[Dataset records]
======

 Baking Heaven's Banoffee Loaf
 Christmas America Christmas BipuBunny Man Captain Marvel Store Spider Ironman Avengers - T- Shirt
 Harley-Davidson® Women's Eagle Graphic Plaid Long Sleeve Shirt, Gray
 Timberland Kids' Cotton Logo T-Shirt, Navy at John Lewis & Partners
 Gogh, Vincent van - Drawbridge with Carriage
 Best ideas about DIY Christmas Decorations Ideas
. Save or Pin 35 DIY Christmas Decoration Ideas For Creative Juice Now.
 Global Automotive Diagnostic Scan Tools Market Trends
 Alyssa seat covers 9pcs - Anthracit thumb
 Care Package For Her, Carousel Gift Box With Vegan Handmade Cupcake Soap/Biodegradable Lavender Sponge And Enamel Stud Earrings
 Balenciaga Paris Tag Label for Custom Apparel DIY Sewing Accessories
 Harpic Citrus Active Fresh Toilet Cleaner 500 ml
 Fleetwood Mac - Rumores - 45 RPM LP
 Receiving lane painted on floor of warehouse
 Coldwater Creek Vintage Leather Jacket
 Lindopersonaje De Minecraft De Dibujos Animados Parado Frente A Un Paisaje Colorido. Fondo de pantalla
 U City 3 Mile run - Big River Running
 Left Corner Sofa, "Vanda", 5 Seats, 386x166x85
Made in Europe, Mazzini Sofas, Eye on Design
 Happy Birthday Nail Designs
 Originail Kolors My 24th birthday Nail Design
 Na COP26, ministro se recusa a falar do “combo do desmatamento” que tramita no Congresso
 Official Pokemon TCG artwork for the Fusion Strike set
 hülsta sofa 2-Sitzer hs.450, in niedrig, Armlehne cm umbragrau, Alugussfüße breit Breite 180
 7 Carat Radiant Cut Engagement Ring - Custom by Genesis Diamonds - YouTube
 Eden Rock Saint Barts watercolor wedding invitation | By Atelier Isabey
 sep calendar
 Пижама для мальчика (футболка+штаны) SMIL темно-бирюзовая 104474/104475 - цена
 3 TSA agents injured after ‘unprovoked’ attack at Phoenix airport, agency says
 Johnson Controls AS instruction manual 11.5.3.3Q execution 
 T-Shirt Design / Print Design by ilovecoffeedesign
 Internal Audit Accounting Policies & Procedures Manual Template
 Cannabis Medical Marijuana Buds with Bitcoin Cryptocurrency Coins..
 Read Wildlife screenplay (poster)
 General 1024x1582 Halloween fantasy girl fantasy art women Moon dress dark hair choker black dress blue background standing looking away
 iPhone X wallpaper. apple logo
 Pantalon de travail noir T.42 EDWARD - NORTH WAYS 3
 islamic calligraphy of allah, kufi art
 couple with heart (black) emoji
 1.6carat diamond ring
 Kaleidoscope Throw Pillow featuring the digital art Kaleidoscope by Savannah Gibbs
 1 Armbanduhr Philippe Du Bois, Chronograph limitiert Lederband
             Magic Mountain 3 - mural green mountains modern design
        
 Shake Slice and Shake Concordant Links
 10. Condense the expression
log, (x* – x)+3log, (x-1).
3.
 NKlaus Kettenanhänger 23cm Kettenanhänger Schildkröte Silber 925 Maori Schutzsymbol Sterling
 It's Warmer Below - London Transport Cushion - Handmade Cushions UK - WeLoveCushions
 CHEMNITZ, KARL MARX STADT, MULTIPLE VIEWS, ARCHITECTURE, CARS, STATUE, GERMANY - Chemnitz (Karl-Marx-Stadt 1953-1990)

======

Work to be completed: From the data, collect all lines where the string "Handmade" appears.

Expected output:
 Care Package For Her, Carousel Gift Box With Vegan Handmade Cupcake Soap/Biodegradable Lavender Sponge And Enamel Stud Earrings
 It's Warmer Below - London Transport Cushion - Handmade Cushions UK - WeLoveCushions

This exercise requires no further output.